Question

Write the relation R={$(x, {x^3})$ :x is the prime number less than 10} in roster form.

Answer 1

First we will find all the prime numbers that are less than 10, finding those prime numbers we’ll find the elements of R with-respect-to those prime numbers.
Combining all those elements written as a single set we’ll get the required roster form of R.
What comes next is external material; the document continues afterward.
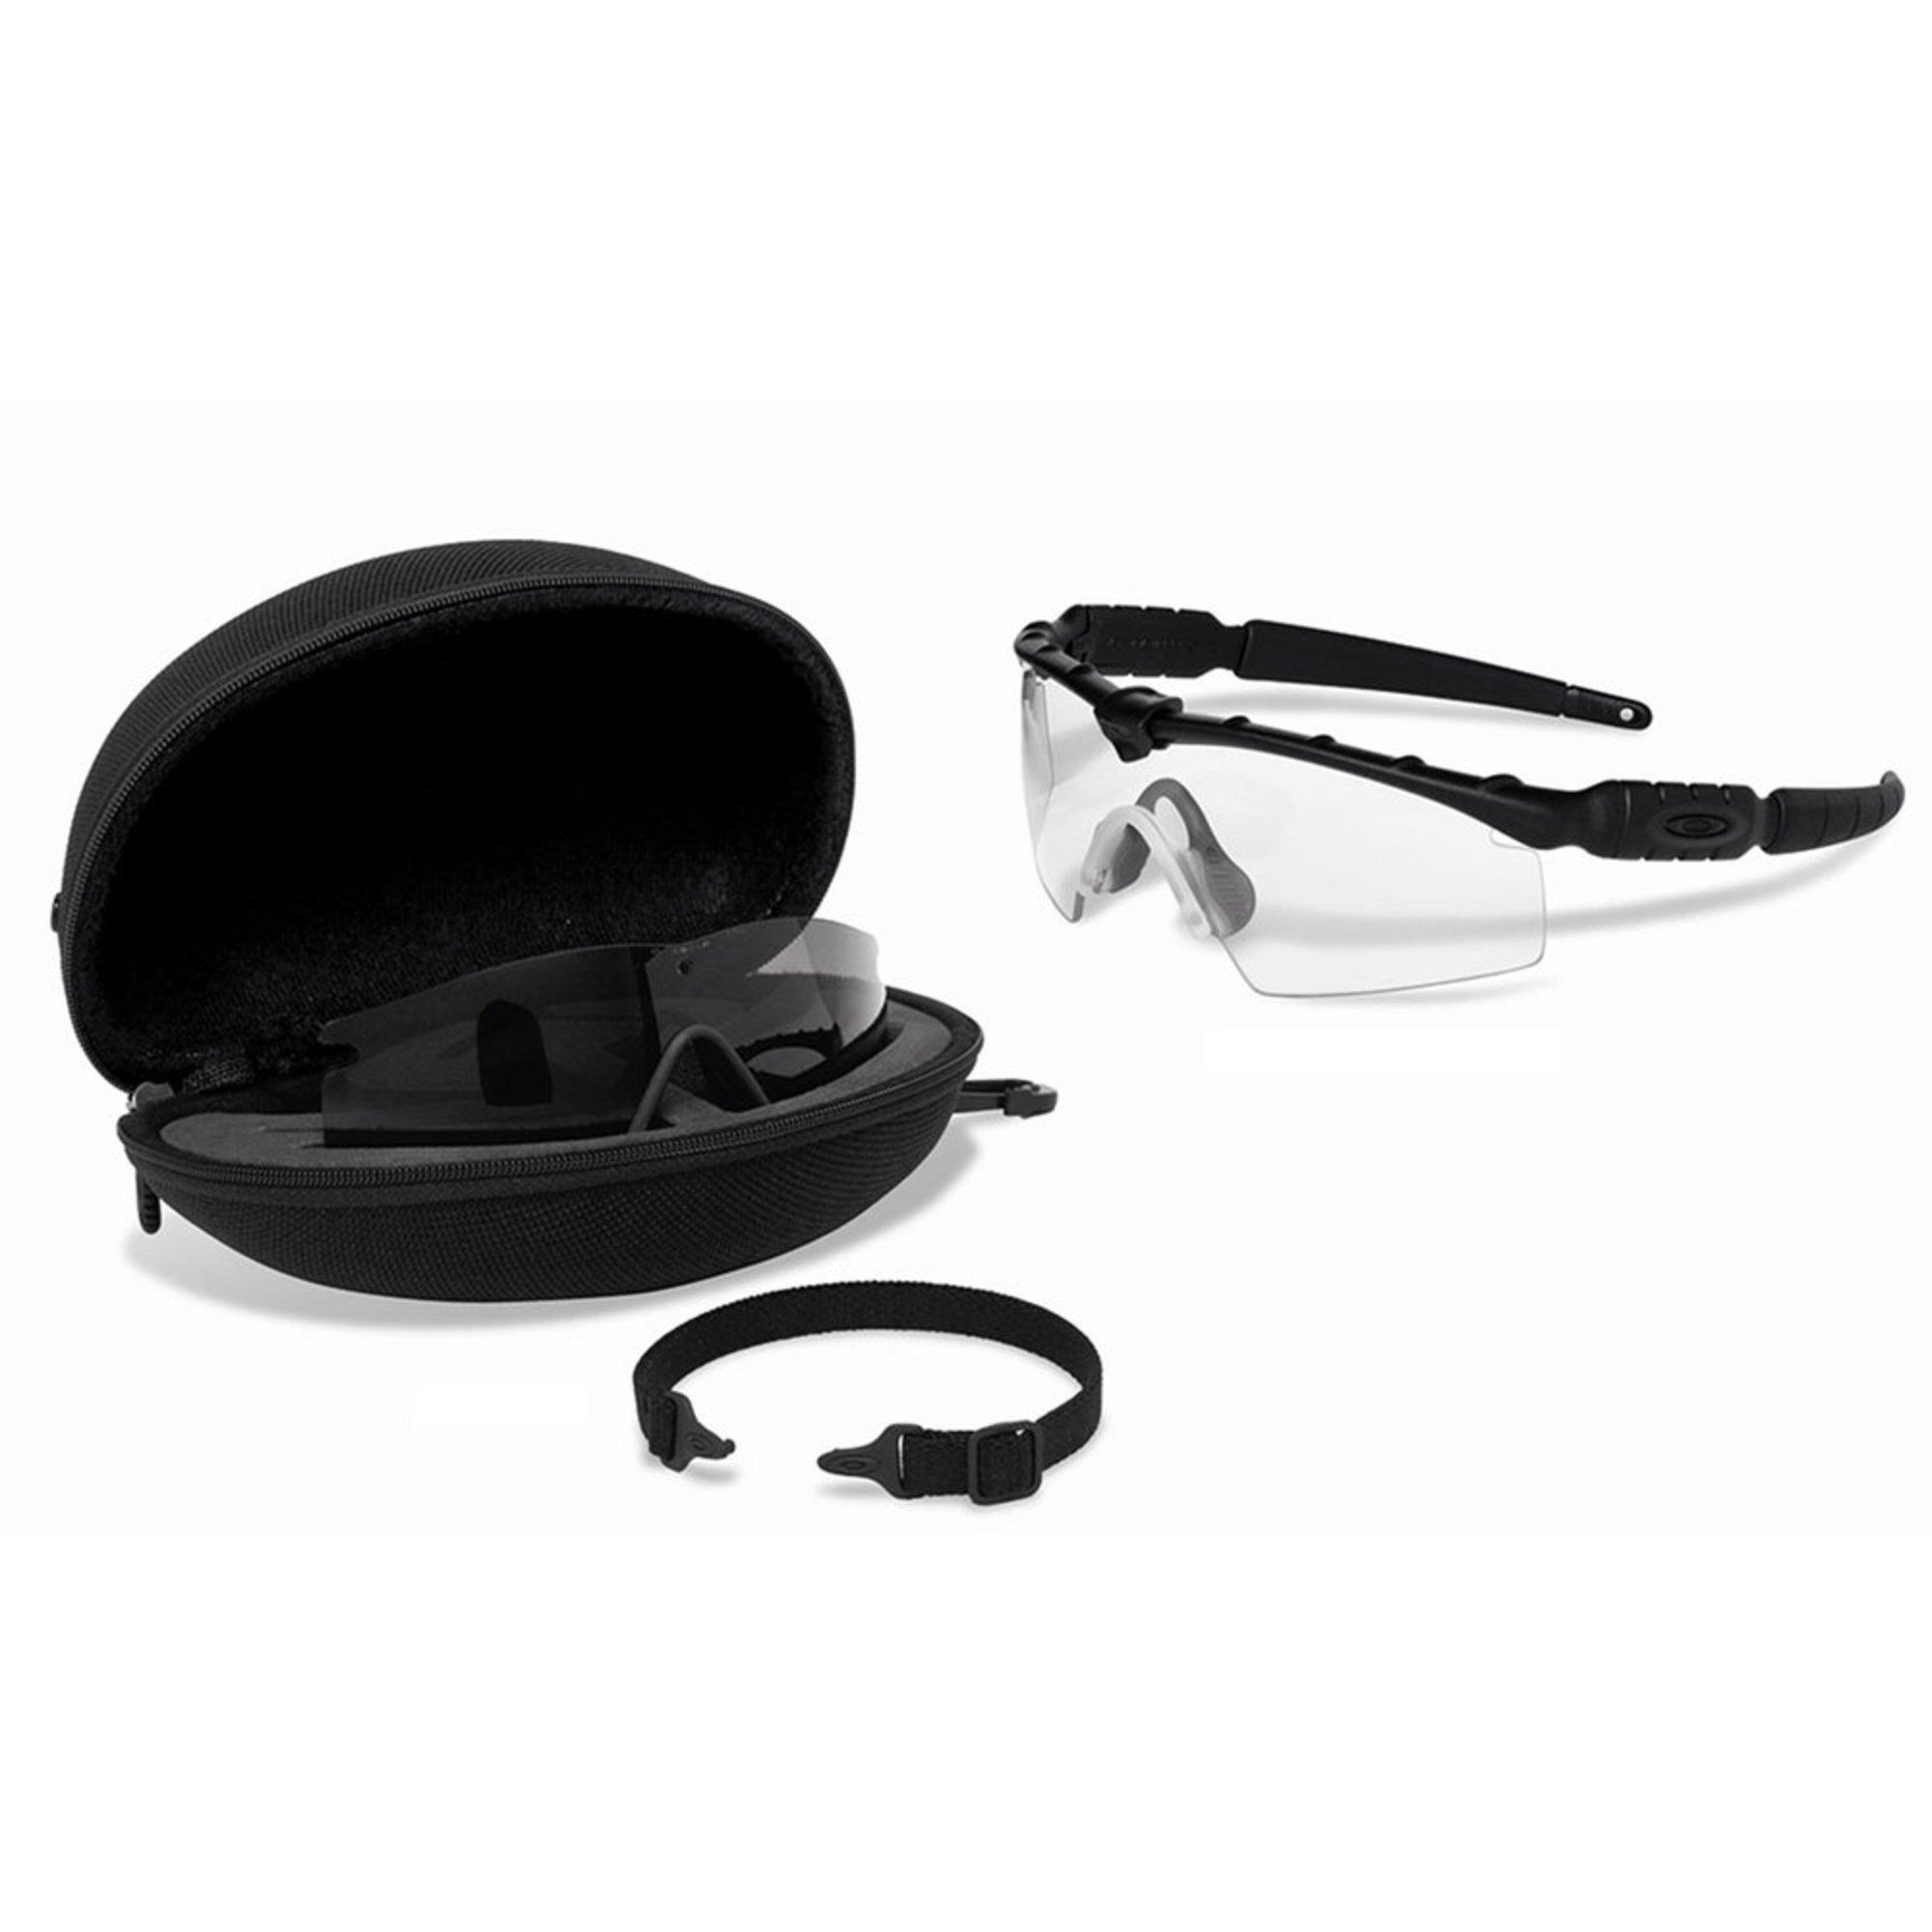 7f5e02fea1 Oakley Men s Standard Issue Ballistic 2.0 Sunglasses
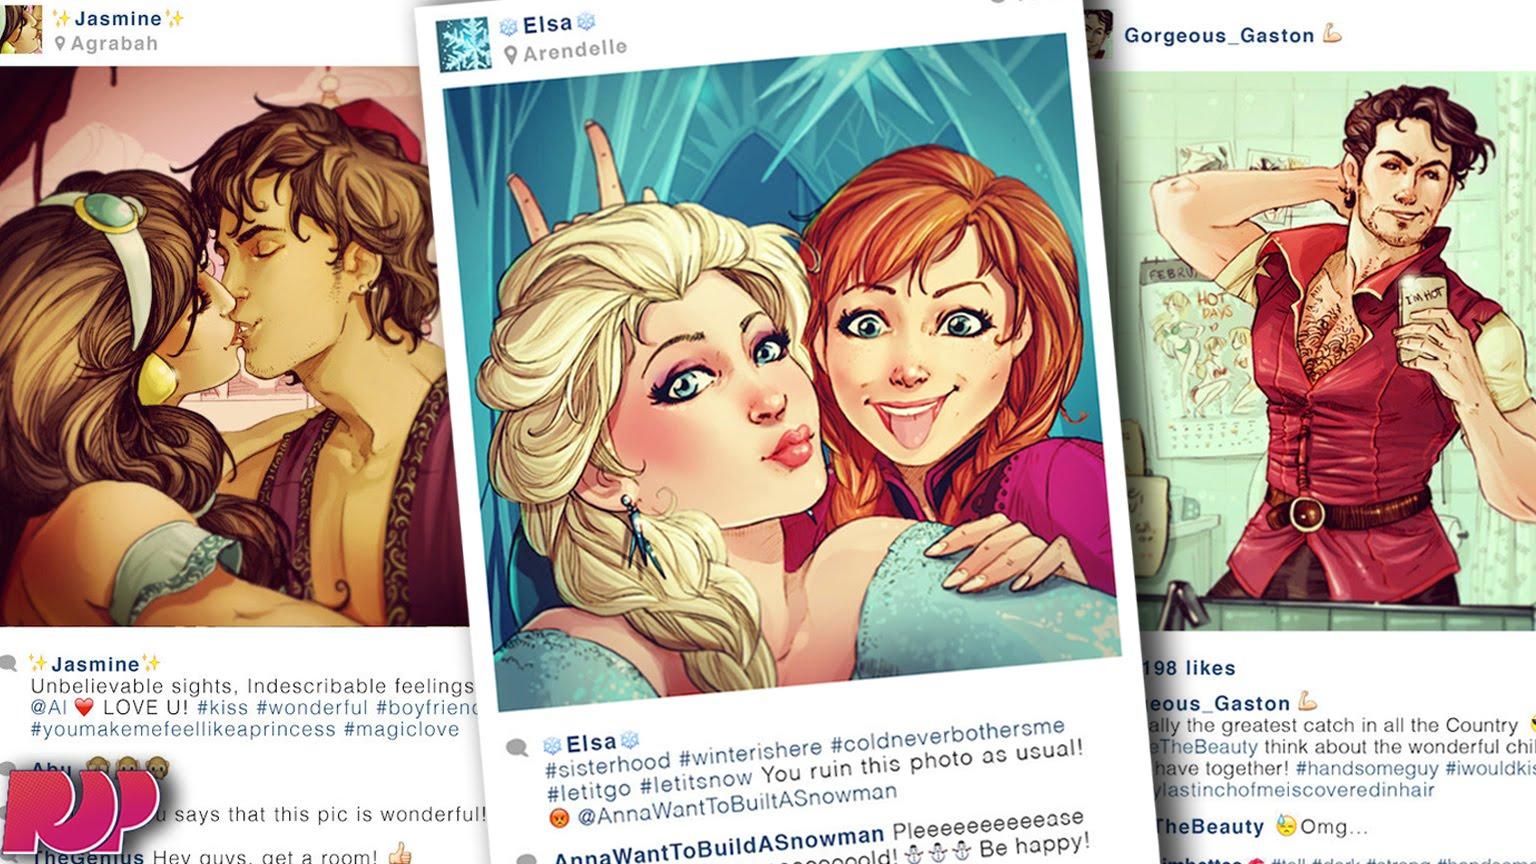 Ինչ կլիներ, եթե Դիսնեյի հերոսներն Instagram ունենային (լուսանկարներ)

Complete step by step solution: Given data: R={$(x,{x^3})$ :x is the prime number less than 10}
We know that when a set is written in the form of all its elements then this form of the set is known as the roster form.
A prime number is that number divisible by 1 and itself only or the factors of that number are only 1 and the number itself.
Therefore, all the prime numbers less than 10 are 2, 3, 5 and, 7
Therefore the relation R = \left\\{ {(2,{2^3}),(3,{3^3}),(5,{5^3}),(7,{7^3})} \right\\}

\therefore R = \left\\{ {(2,8),(3,27),(5,125),(7,343)} \right\\} which is also the roster form of R.

Note: Here we have taken prime numbers like 2, 3, 5 and, 7, but some students may count 1 as well as it satisfies both the condition according to the definition of a prime number but there is also a definition of prime number that it has only two factors which are not satisfied by 1, hence not included under the category of prime numbers.